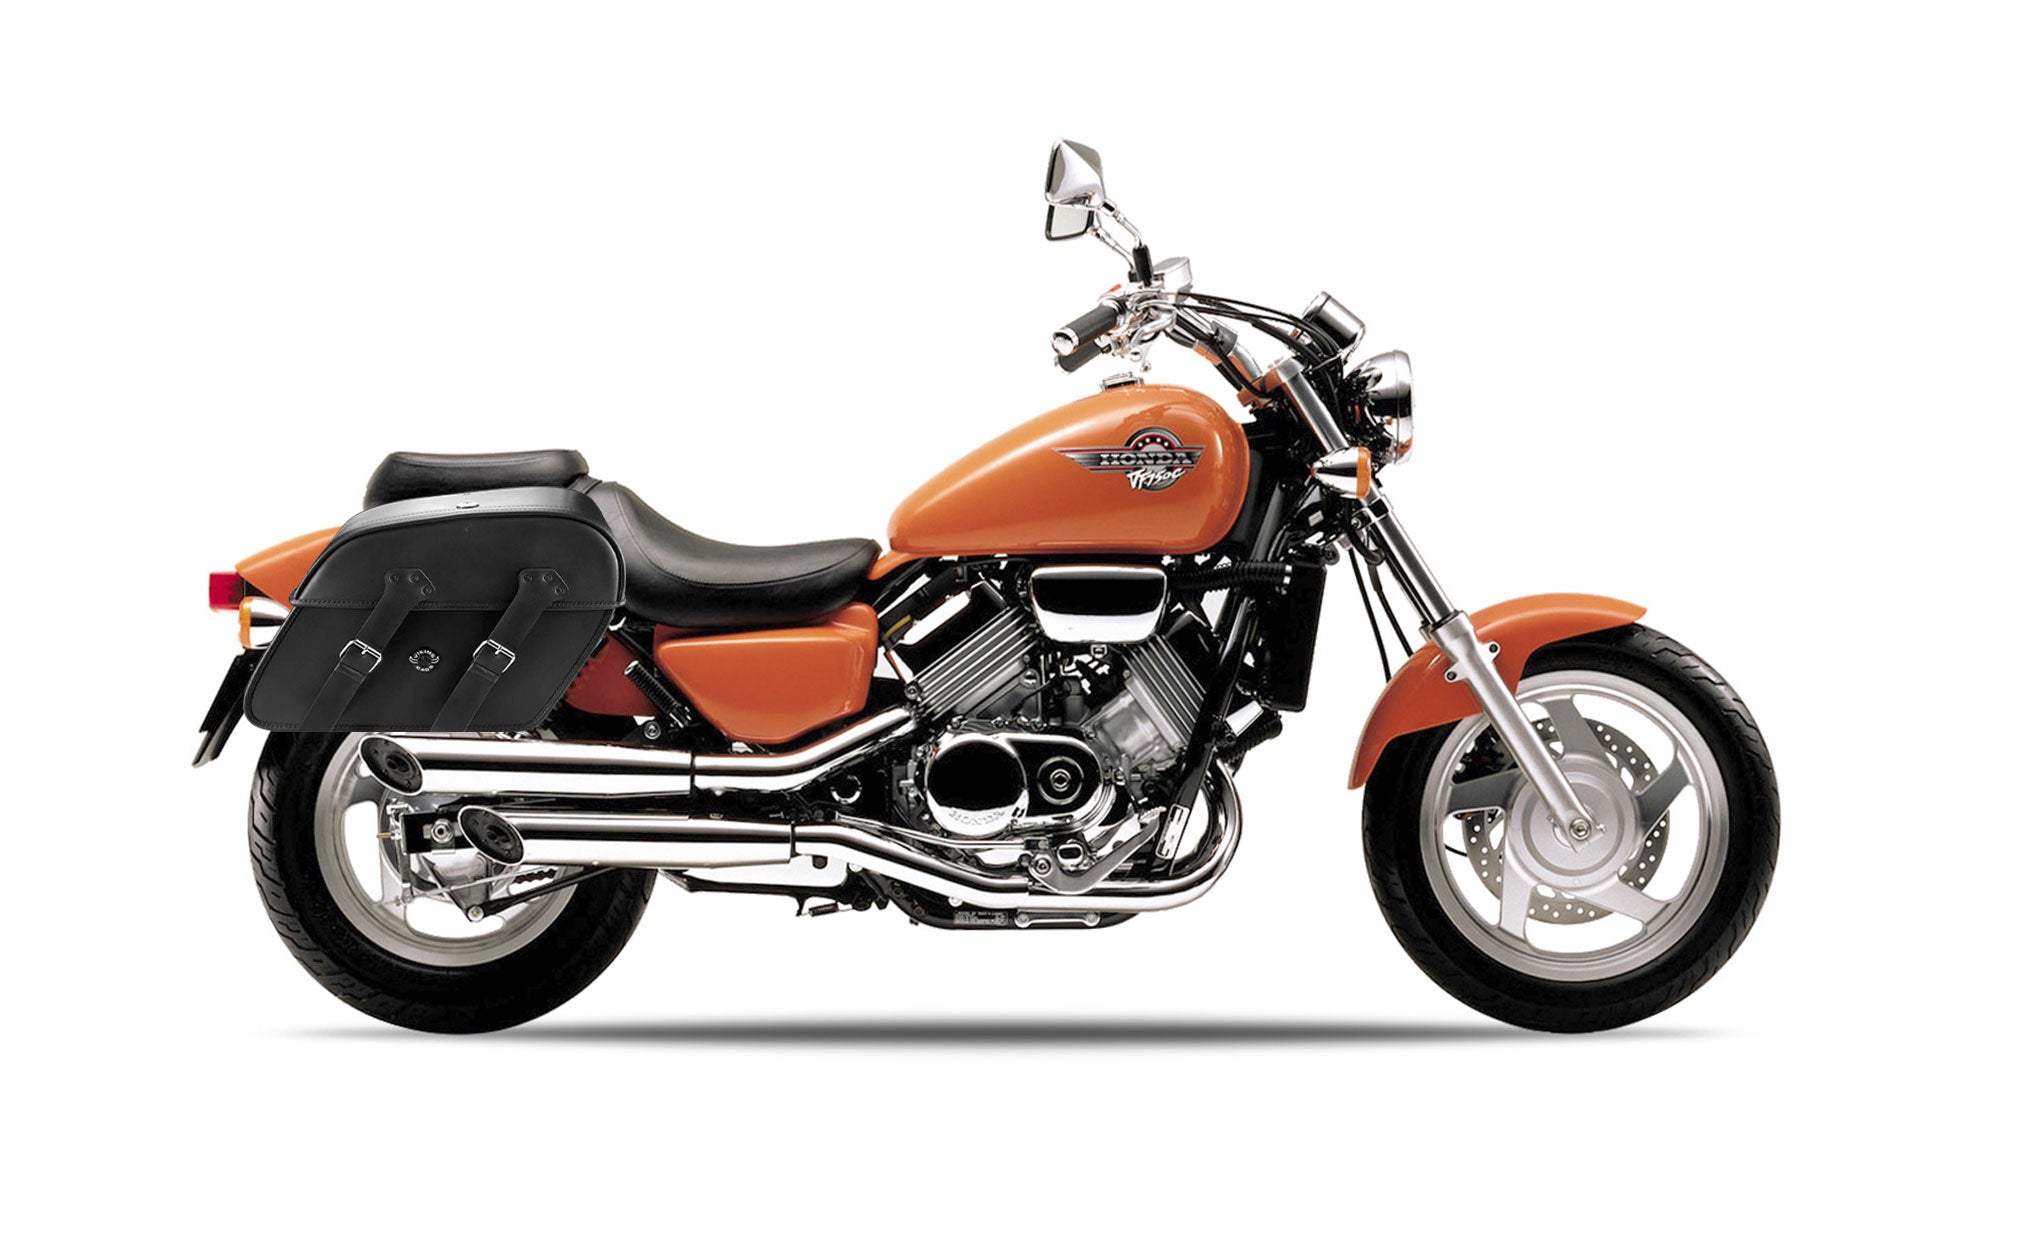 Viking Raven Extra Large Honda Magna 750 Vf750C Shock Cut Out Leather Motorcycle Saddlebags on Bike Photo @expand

--

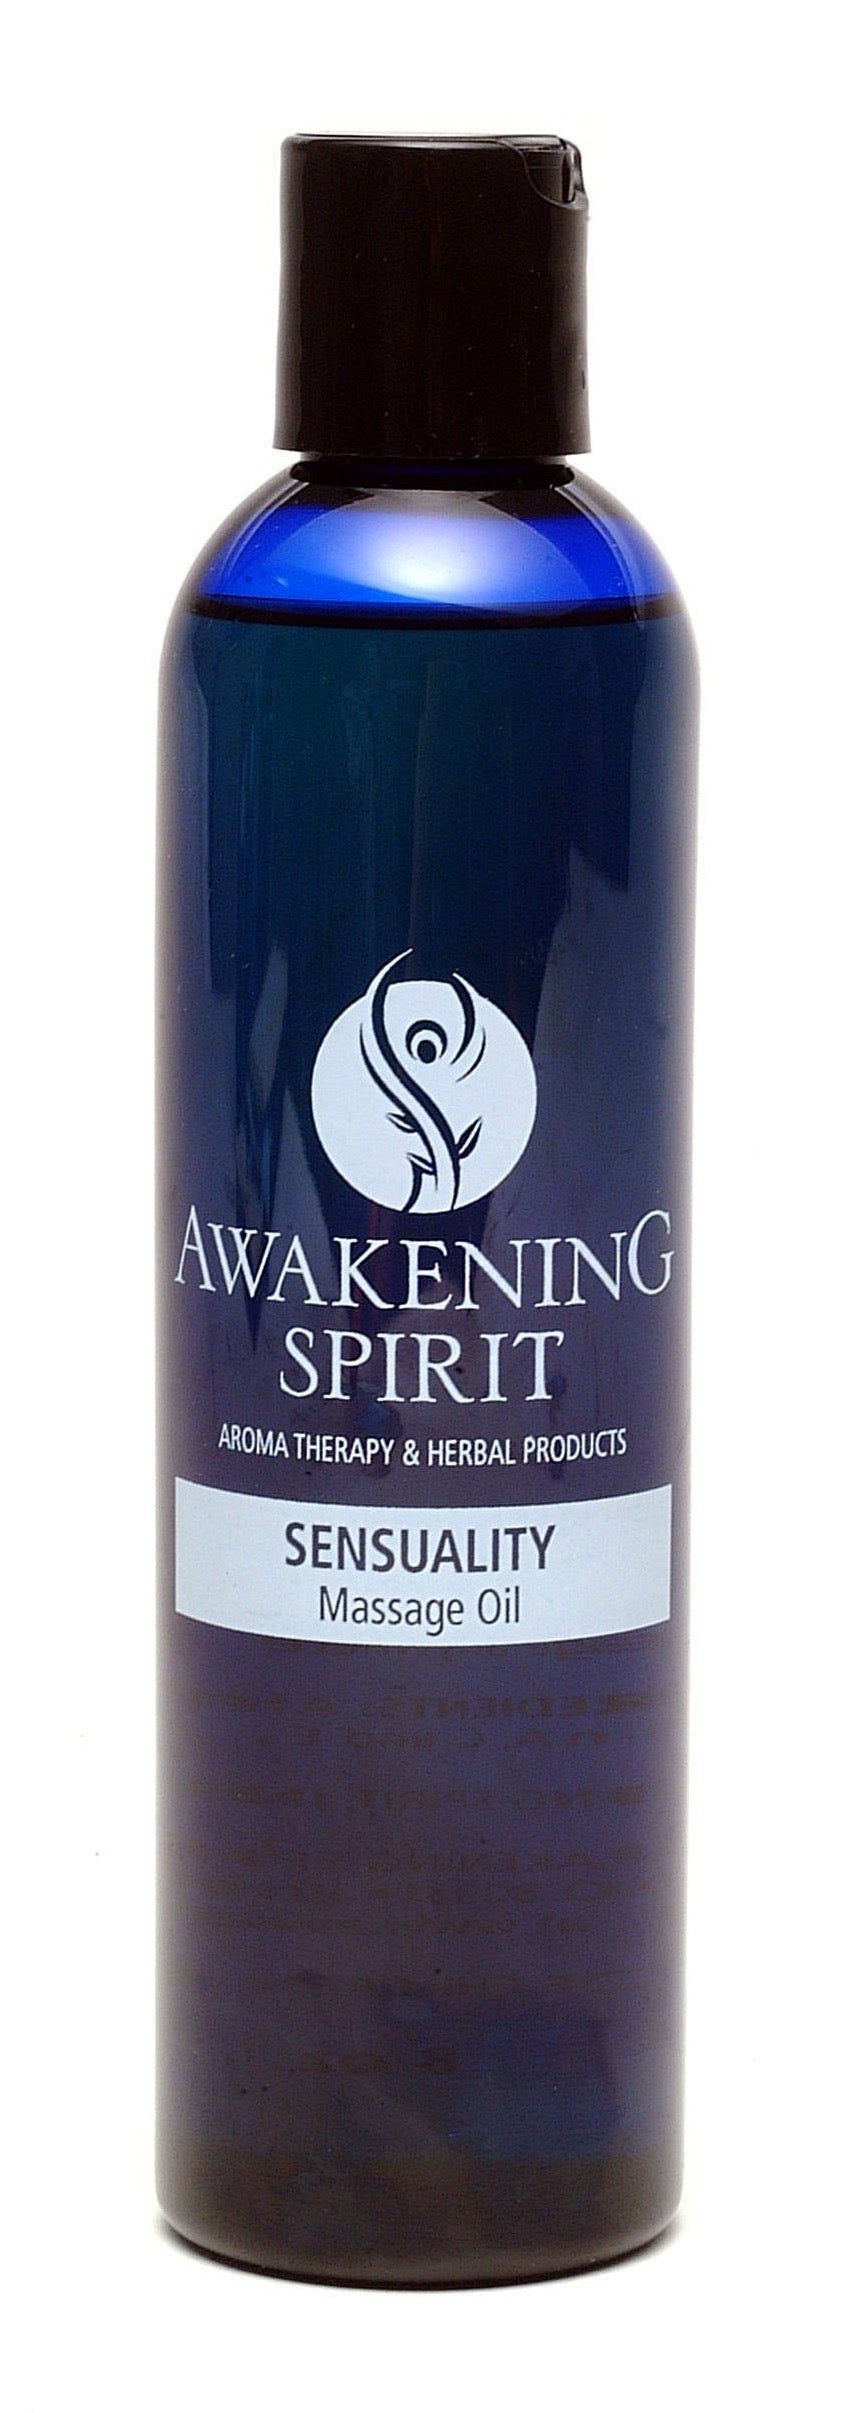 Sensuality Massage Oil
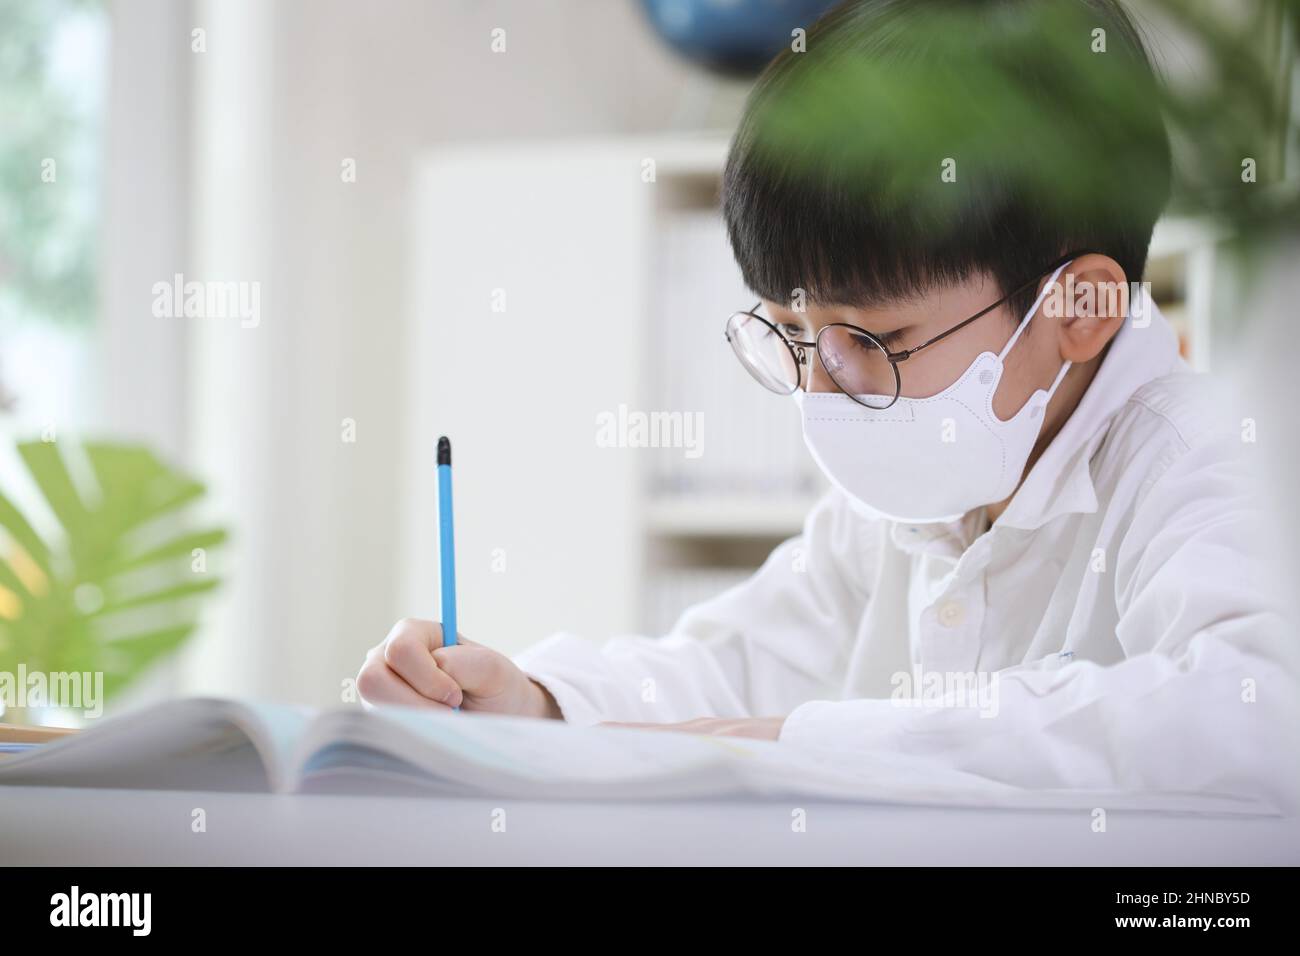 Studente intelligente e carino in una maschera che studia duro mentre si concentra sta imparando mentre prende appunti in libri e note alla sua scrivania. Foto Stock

Aim of the task
Using the entries above, write out exactly the lines from the one with "Sensuality Massage Oil" through the one with "Studente intelligente e", ends included. Leave out any pictures.

Output below
 Sensuality Massage Oil
 Studente intelligente e carino in una maschera che studia duro mentre si concentra sta imparando mentre prende appunti in libri e note alla sua scrivania. Foto Stock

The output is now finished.